A customers development project involved creating a compact and lightweight intgrated inverter and motor for a high perfomance automotive application. Within the overall fixed casing envelope, compartments were allocated for the electric motor and power converter sections.
This high power density drive required a compact power inverter to be designed. A reliable cooling system for the was critical to meet the power output and reliability criteria.

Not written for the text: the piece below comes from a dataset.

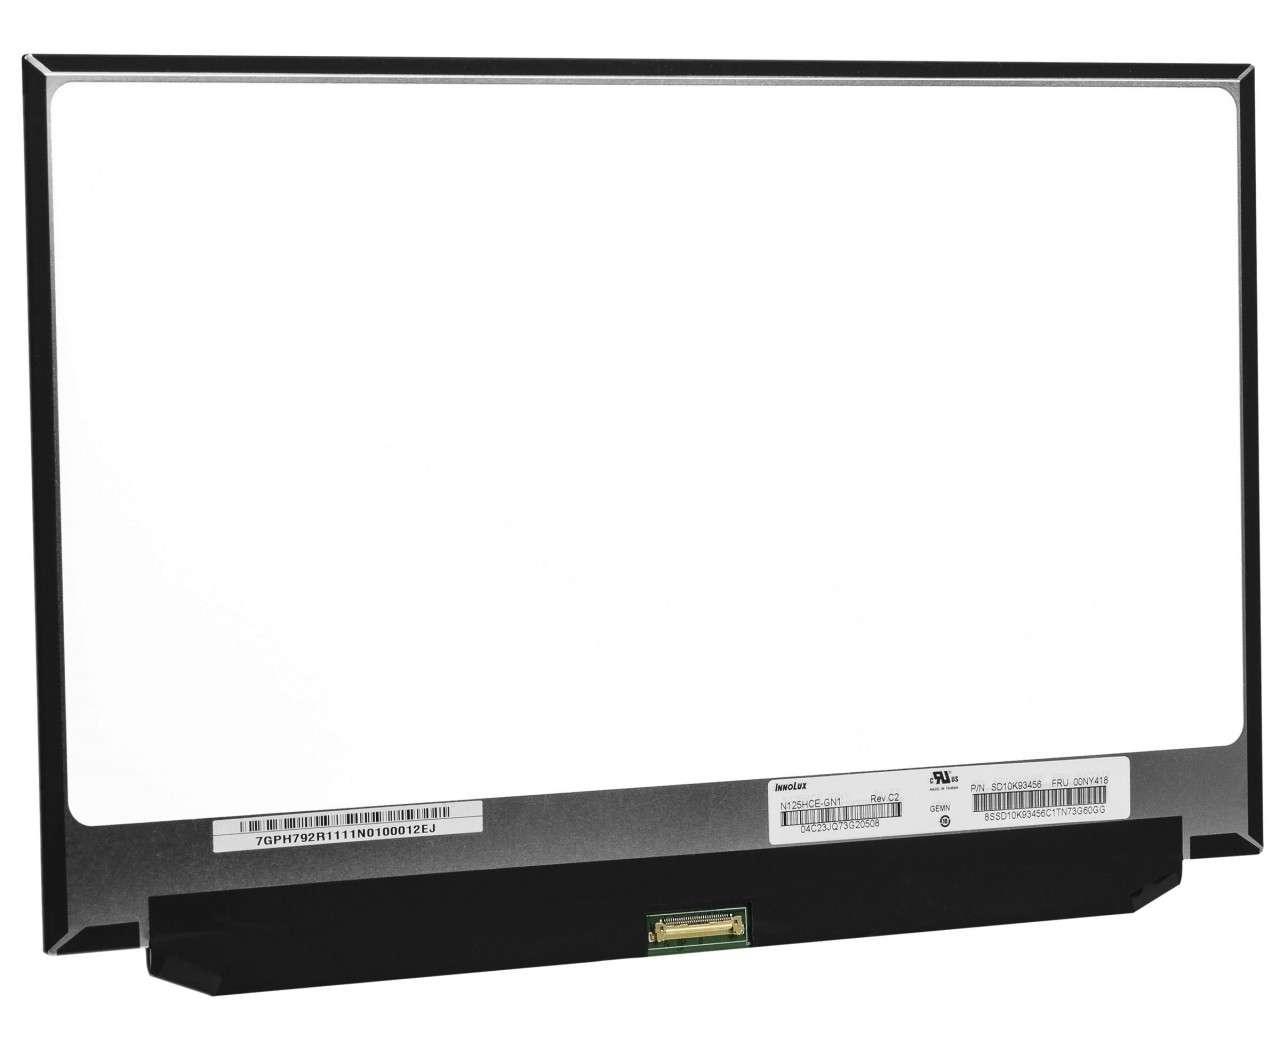 Display laptop InnoLux N125HCE-GN1 Ecran 12.5 1920x1080 30 pini eDP imagine powerlaptop.ro 2021

As a result of the design constraints, several technical challenges arose:
- Close proximity of power devices leading to concentration of high heat generation
- Coolant channel packaging space restricted due to volume reduction
- Coolant Pressure Drop was constrained to allow feed from the casing water jacket with minimal coolant pump power consumption
Diagram indicating the space allocated for power converter in the integrated drive
Analysis & Innovation:
ECS’ application knowledge in the automotive sector facilitated a detailed understanding of the product and technical constraints. Following technical workshop with the client, ECS devised a detailed thermal analysis plan consisting of:
- Calculation of heat rejection across the drive cycle – identify critical operating points
- CFD Model Set-up:
- Define & create an optimised mesh, balancing precision vs. simulation time
- Create model from an existing ECS template – these offer technically proven, time-efficient routes to model creation
- Identification of cooling design optimisation opportunities:
- Cooling Channel Design: Series/Parallel flow paths, serpentines, turbulators
- Material selections to maximise thermal conductivity, coolant flow
- Low precision CFD evaluation for down-selection based on worst case peak die temperature prediction
- High precision CFD evaluation of shortlisted design optimisations to validate the design throughout the full operating range & drive cycles
Coolant Flow Path Optimisation showing coolant flow below the substrate
Component Temperature Prediction showing device temperatures during peak heat loss
As a result of the detailed analyses performed, ECS delivered to the client:
- Confirmation that the feasibility of designing a cooling challenge within the prescribed space could be achieved
- A range of design solutions which meet the specification, with recomendations on best solution
- Full simulation data supporting conclusions to drive client decision making
- A list of opportunities for future optimisation of the product – coolant pump (variable flow), alternative materials coolant channels
Knowledge of effective liquid cooling techniques allowed ECS to arrive at a highly compact cooler for an integrated drive power converter.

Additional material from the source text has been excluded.